Editorial - Selasa, 01 Nopember 2011
Secara harfiah, kata asusila berarti perbuatan atau tingkah laku tak lazim, menyimpang dari norma-norma dan kaidah kesopanan yang cenderung terjadi kalangan masyarakat, terutama remaja. Jika susila artinya baik, maka asusila berarti tidak baik tingkah lakunya. Seperti yang terjadi di salah satu SMPN Kecamatan Waykrui Kabupaten Lampung Barat (Lambar) belum lama ini. Diduga kuat, seorang oknum siswa kelas IIX berinisial Ang (14) melakukan tindak asusila terhadap Ast yang tak lain adalah teman sekelasnya di dalam ruang kelas sekolah tersebut. Orangtua Ast akhirnya meneruskan permasalahan itu ke jalur hukum karena merasa dirugikan dan dipermalukan.

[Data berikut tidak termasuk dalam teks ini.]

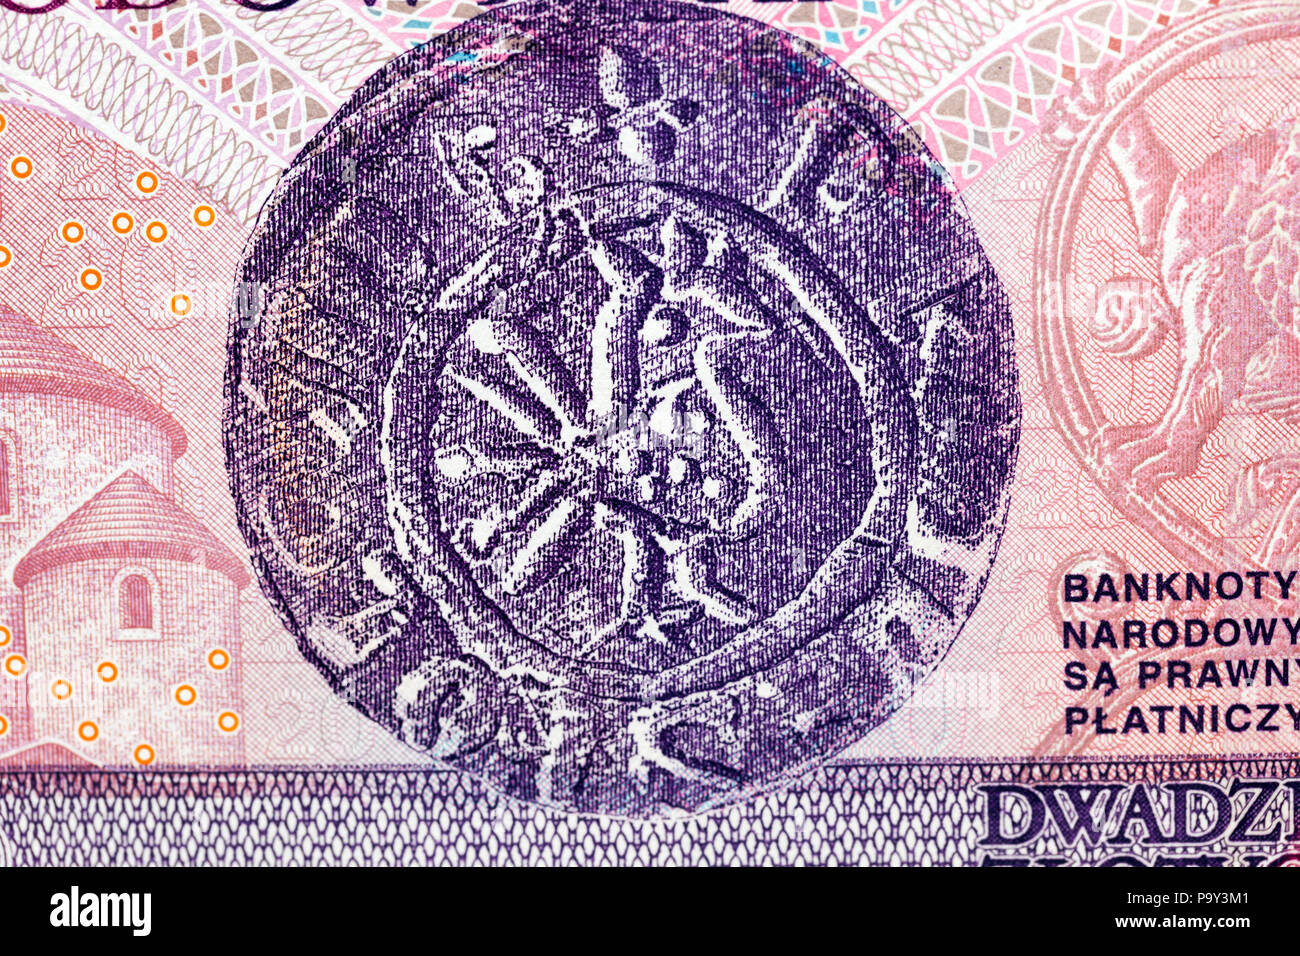 Polnische Banknoten In Der Nähe Fotografiert Geld Wert 20 Zloty

Menurut pandangan Islam melalui Al Quran dan sunnah rasulnya yang telah membingkai kehidupan manusia agar menjadi indah dan terpelihara dari kerusakan moral, tinggi-rendahnya spiritualitas (rohani) pada suatu masyarakat berkaitan erat dengan segala perilakunya. Bukan saja tata perilaku yang bersifat ibadah khusus, seperti solat dan berpuasa, lebih dari itu perilaku yang bersifat ibadah umum berkaitan dengan sosial kemasyarakatan. Terlebih ketika perbuatan tak terpuji tersebut dilakukan justru di dalam lingkungan sebuah lembaga pendidikan, ini tentu akan menjadi pertanyaan: kenapa bisa terjadi?
Banyak faktor yang menjadi penyebabnya. Tapi yang tak terbantahkan hal itu telah terjadi. Akibatnya, siswa yang merasa menjadi korban merasa malu, demikian juga dengan orangtua dan keluarga besarnya. Ketika hal itu dipermasalahkan secara hukum, beberapa pihak terkait mestinya mencermati fenomena dimaksud. Baik oknum siswa pelaku dan orangtuanya sendiri, termasuk juga korban dan orangtuanya, juga pihak sekolah dalam hal ini dewan guru dan kepala sekolah, serta Dinas Pendidikan juga komite sekolah. Ini dimaksudkan agar perbuatan cemar tersebut bisa dipulihkan nama baik yang merasa dirugikan, serta yang lebih penting hal serupa takkan pernah terulang lagi.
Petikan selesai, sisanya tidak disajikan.